The zeroth-order average Hamiltonian for the WAHUHA pulse sequence is
$$
H_\text{WHH}^{(0)} = \delta / 3 \sum_i^N \left( I_x^{i} + I_y^{i} + I_z^{i} \right)
$$ -->

In [None]:
N = 3  # 4-spin system

In [None]:
chemical_shifts = np.random.normal(scale=50, size=(N,))
Hcs = sum(
    [qt.tensor(
        [qt.identity(2)]*i
        + [chemical_shifts[i] * qt.sigmaz()]
        + [qt.identity(2)]*(N-i-1)
    ) for i in range(N)]
)

In [None]:
dipolar_matrix = np.random.normal(scale=50, size=(N, N))
Hdip = sum([
    dipolar_matrix[i, j] * (
        2 * qt.tensor(
            [qt.identity(2)]*i
            + [qt.sigmaz()]
            + [qt.identity(2)]*(j-i-1)
            + [qt.sigmaz()]
            + [qt.identity(2)]*(N-j-1)
        )
        - qt.tensor(
            [qt.identity(2)]*i
            + [qt.sigmax()]
            + [qt.identity(2)]*(j-i-1)
            + [qt.sigmax()]
            + [qt.identity(2)]*(N-j-1)
        )
        - qt.tensor(
            [qt.identity(2)]*i
            + [qt.sigmay()]
            + [qt.identity(2)]*(j-i-1)
            + [qt.sigmay()]
            + [qt.identity(2)]*(N-j-1)
        )
    )
    for i in range(N) for j in range(i+1, N)
])

In [None]:
Hsys = Hcs + Hdip
X = qt.tensor([qt.sigmax()]*N)
Y = qt.tensor([qt.sigmay()]*N)
# Z = qt.tensor([qt.sigmaz()]*N)
Hcontrols = [50e3 * X, 50e3 * Y]
target = qt.propagator(X, np.pi/4)

The `SpinSystemContinuousEnv` simulates the quantum system given above, and exposes relevant methods for RL (including a `step` method that takes an action and returns an observation and reward, a `reset` method to reset the system).

**TODO**: rewrite `spin_system_continuous` so it only uses `tensorflow` (no `tf-agents`).

In [None]:
env = spin_system_continuous.SpinSystemContinuousEnv(
    Hsys=Hsys,
    Hcontrols=Hcontrols,
    target=target,
    discount_factor=gamma
)

In [None]:
train_env = tf_py_environment.TFPyEnvironment(env)
eval_env = tf_py_environment.TFPyEnvironment(env)

## Define actor and critic networks

The observations of the system are sequences of control amplitudes that have been performed on the system (which most closely represents the knowledge of a typical experimental system).
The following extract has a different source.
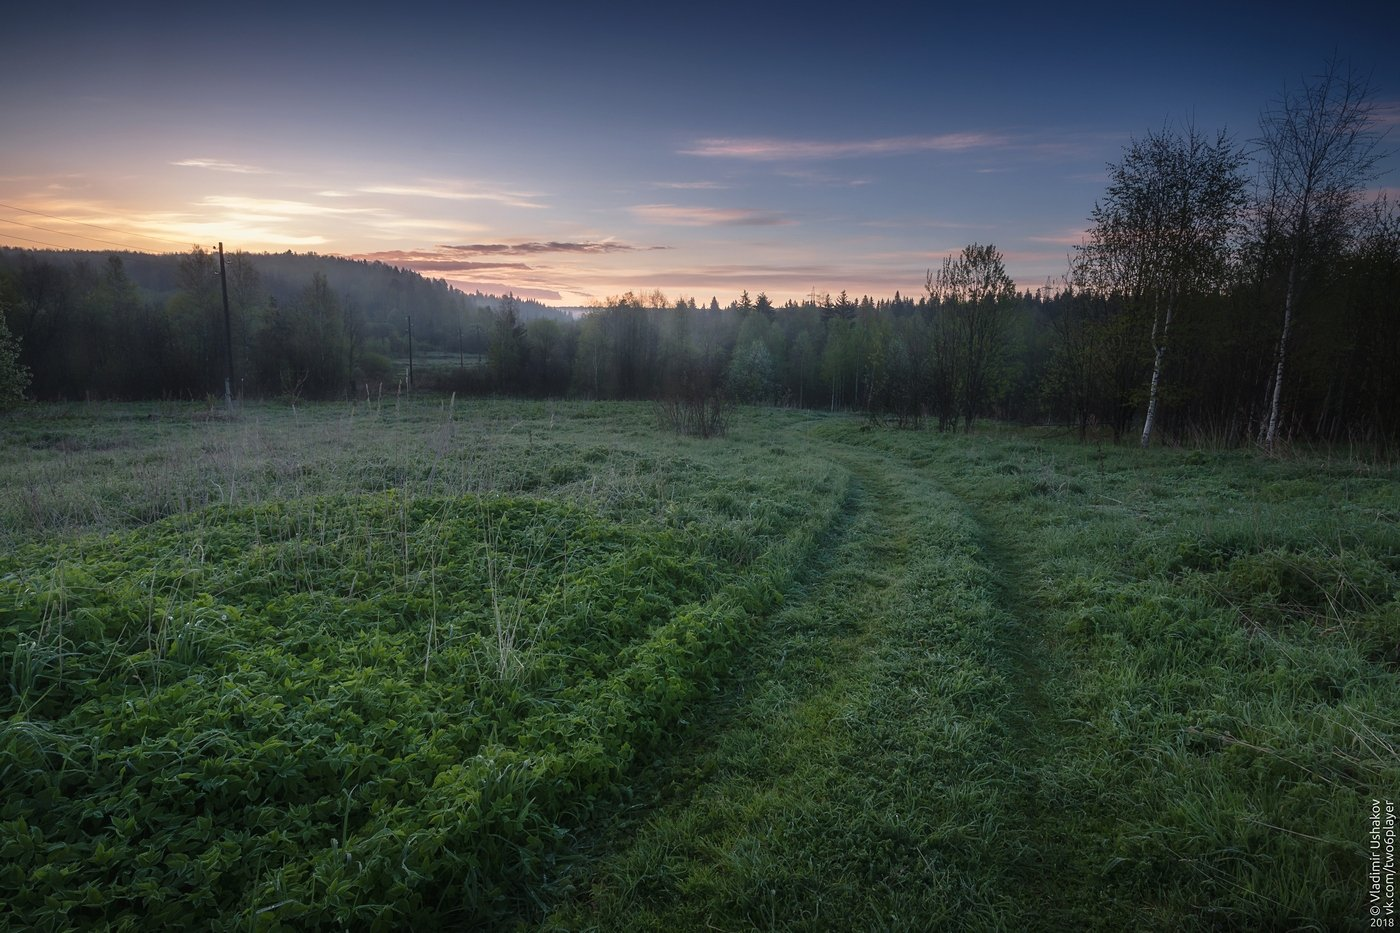 утро, рассвет, поле, дорога, деревня, Сибирь, Пермский край, Владимир Ушаков
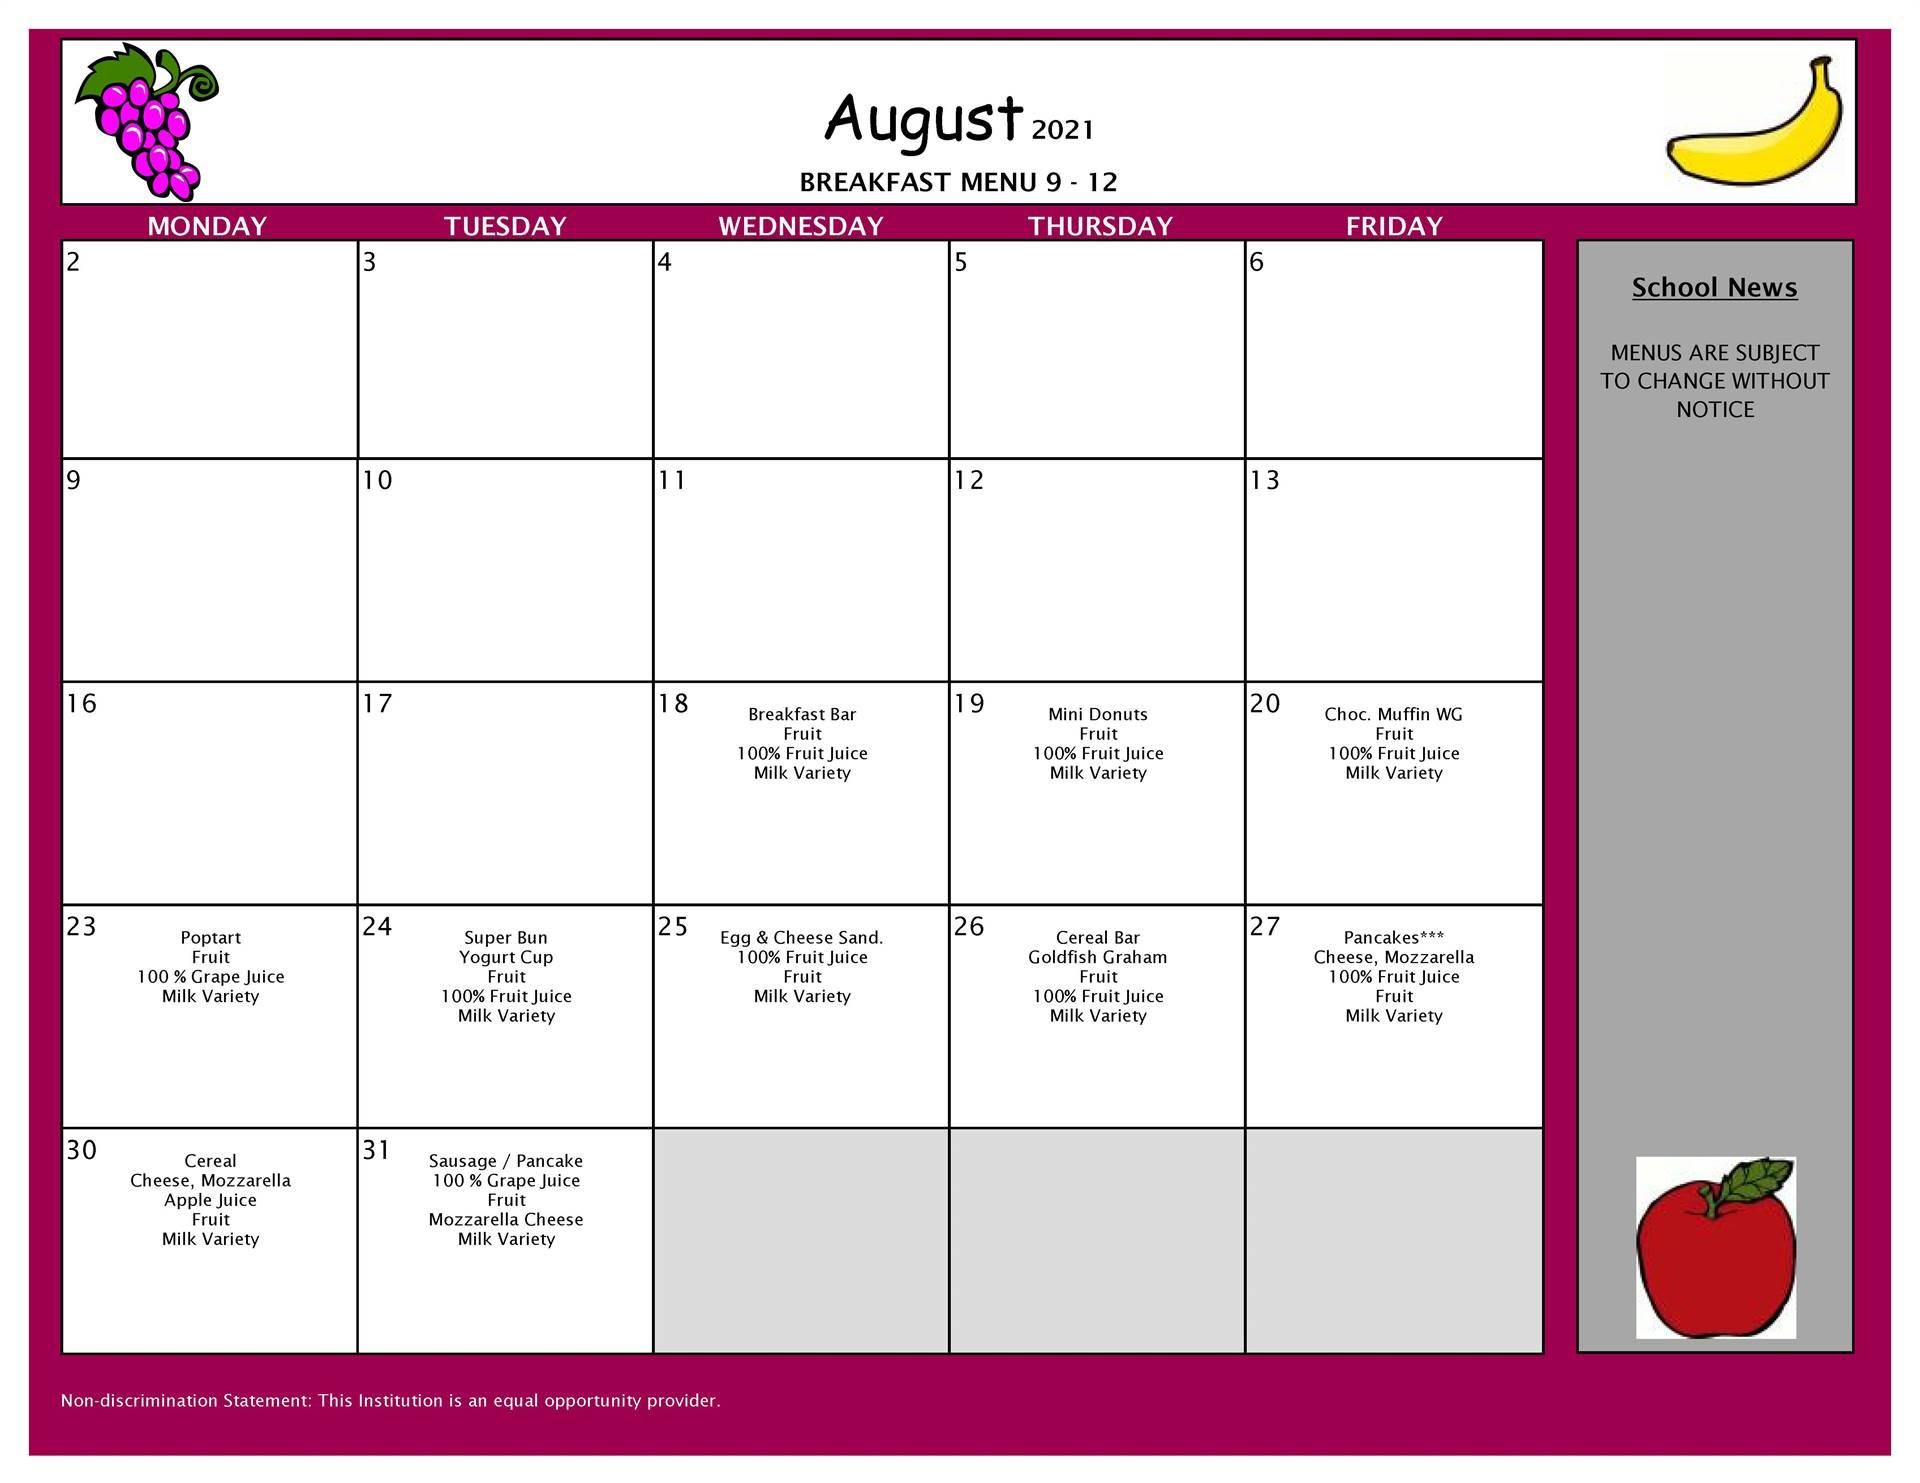 August Breakfast  Menu 9-12

Both the actor and the critic (value) networks share an LSTM layer to convert the sequence of control amplitudes to a hidden state, and two dense layers. Separate policy and value "heads" are used for the two different networks.

In [None]:
lstm = tf.keras.layers.LSTM(64)
stateful_lstm = tf.keras.layers.LSTM(64, stateful=True)
hidden1 = tf.keras.layers.Dense(64, activation=tf.keras.activations.relu)
hidden2 = tf.keras.layers.Dense(64, activation=tf.keras.activations.relu)
policy = tf.keras.layers.Dense(2, activation=tf.keras.activations.tanh)
value = tf.keras.layers.Dense(1)

In [None]:
actor_net = tf.keras.models.Sequential([
    lstm,
    hidden1,
    hidden2,
    policy
])

In [None]:
critic_net = tf.keras.models.Sequential([
    lstm,
    hidden1,
    hidden2,
    value
])

In [None]:
stateful_actor_net = tf.keras.models.Sequential([
    stateful_lstm,
    hidden1,
    hidden2,
    policy
])

## Define PPO agent

[Proximal Policy Optimization (PPO)](https://arxiv.org/abs/1707.06347) is a state-of-the-art RL algorithm that can be used for both discrete and continuous action spaces. PPO prevents the policy from over-adjusting during training by defining a clipped policy gradient loss function:
$$
L^\text{clip}(\theta) = \mathbb{E}_t\left[
\min(r_t(\theta)\hat{A}_t, \text{clip}(
    r_t(\theta), 1-\epsilon, 1+\epsilon)
)\hat{A}_t
\right]
$$
where the "importance ratio" $r_t(\theta) = \frac{\pi_\theta(a_t|s_t)}{\pi_{\theta_\text{old}}(a_t|s_t)}$ is the relative probability of choosing the action under the new policy compared to the old policy. By clipping the loss function, there is non-zero gradient only in a small region around the original policy.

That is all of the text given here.